Three amicus briefs were filed in Lynch v. McDonough, a case concerning the standard of proof used to deny veterans disability claims.

  • Vietnam Veterans of America (VVA) submitted an amicus brief in support of Lynch, the petitioner. According to VVA, the benefit-of-the-doubt rule of 38 U.S.C. § 5107(b) “gives the benefit of the doubt to veterans when there is ‘an approximate balance of positive and negative evidence regarding any issue material to the determination of a matter.’” VVA argues, however, that in Ortiz v. Principi, the Federal Circuit adopted a new “equipoise” standard, allowing “VA to defeat claims by showing nothing more than a bare preponderance of evidence against a veteran.” VVA argues that this “standard finds no support in the statute’s legislative history and contravenes the surplusage and pro-veteran canons of statutory construction.” Moreover, VVA contends, the Federal Circuit affirmed this standard in this case under a different name—“the persuasion of evidence standard.” Accordingly, VVA argues that, “[b]y allowing the VA to prevail when it tips the scales just enough to show a preponderance of evidence, Ortiz ensured that the statutory benefit-of-the-doubt rule will have only minimal, if any, effect, leaving the weight of an increased burden on the veteran.”
  • Swords to Plowshares (Swords) and Connecticut Veterans Legal Center (CVLC) jointly submitted an amicus brief also in support of Lynch.
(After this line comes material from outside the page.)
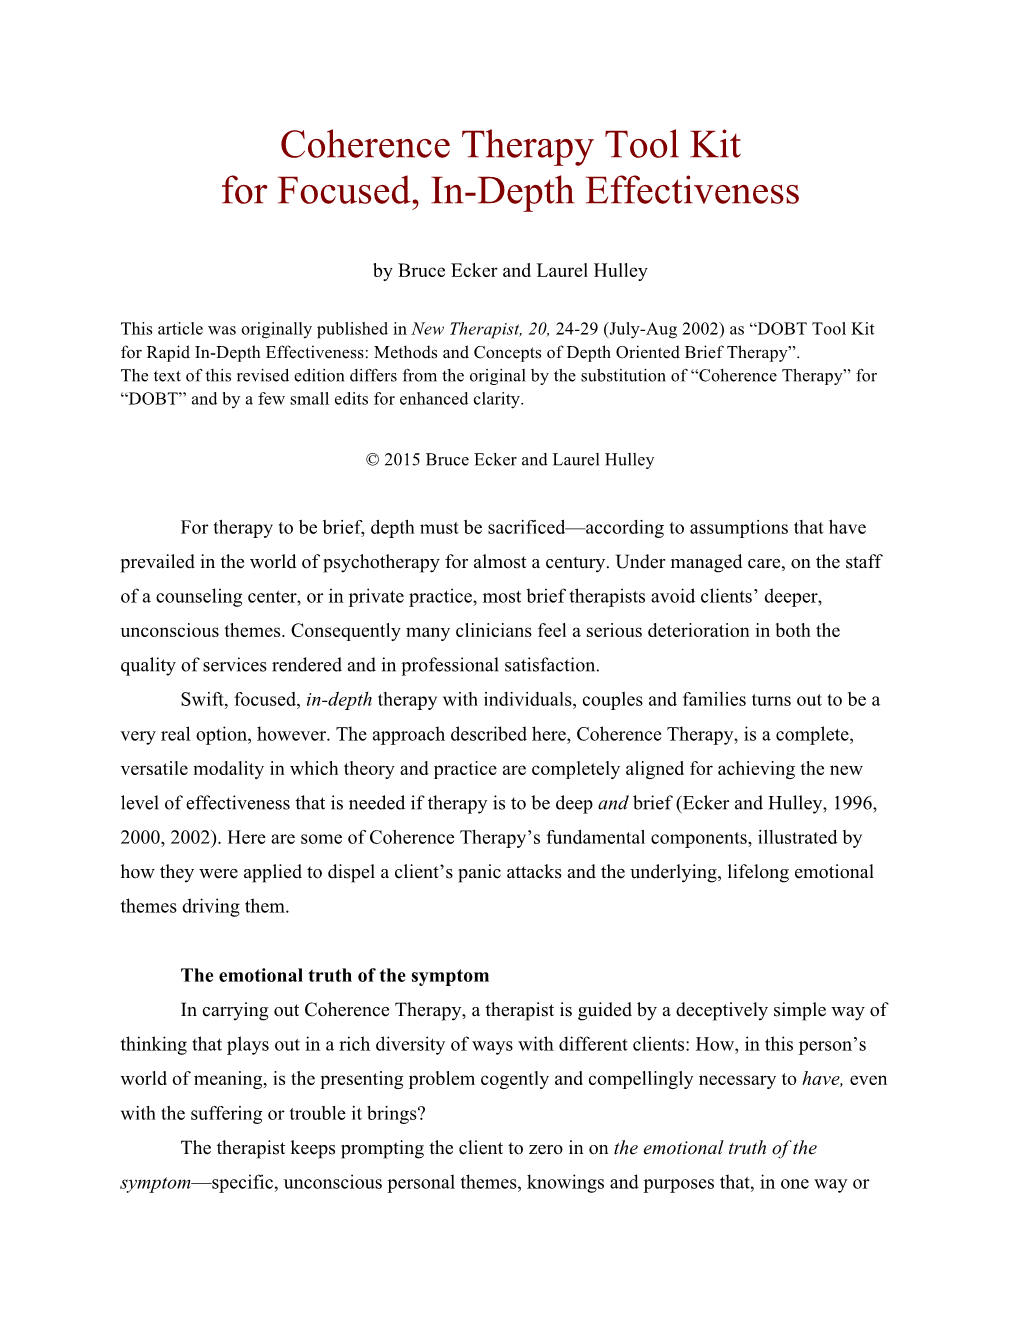 Coherence Therapy Toolkit for Focused, In-Depth Effectiveness

They urge that the Federal Circuit’s decision in Lynch “is contrary to the text and purpose of 38 U.S.C. § 5107 and will severely prejudice the rights of veterans seeking service-connected disability benefits.” According to the brief, the heightened evidentiary standard upheld in this case “is contrary to Congressional intent, statutory language, and this Court’s historic respect for the nonadversarial pro-veteran nature of the VA adjudication process.” Moreover, the organizations contend, “VA’s abandonment of the intended ‘benefit of the doubt’ standard improperly deprives veterans of the care to which they are entitled.”
  • The Federal Circuit Bar Association (FCBA) also filed an amicus brief in support of Lynch, urging the Supreme Court to “grant certiorari to restore to veterans seeking benefits the generous standard of proof that Congress expressly provided them.” According to the FCBA, the risk allocation of the “benefit of the doubt” standard “reflects Congress’s recognition, repeatedly confirmed by the courts, of the ‘special solicitude’ granted veterans, those among us who have ‘performed an especially important service for the Nation, often at the risk of his or her own life.'” The brief, however, maintains that the Federal Circuit has “now twice construed the standard of proof in § 5107(b) at odds with the statute.” The FCBA emphasizes the confusion caused by these decisions, contending that “it is unclear what the standard of proof is, as the law has never recognized [the] ‘persuasive’ evidence standard.” Accordingly, the FCBA urges, “[t]his Court’s review is warranted to ensure that veterans benefits claims are decided based on the correct standard of proof, so that veterans actually get the benefit of the doubt.”

Denials

The Supreme Court denied certiorari in the following cases:

Notably, the petitioner in Ameranth, Inc. v. Olo, Inc. presented the same two questions presented to the Court in American Axle & Mfg, Inc. v. Neapco Holdings LLC. The Solicitor General filed an amicus brief supporting review in that case, and the Supreme Court has indicated it will consider the case at its conference on June 23.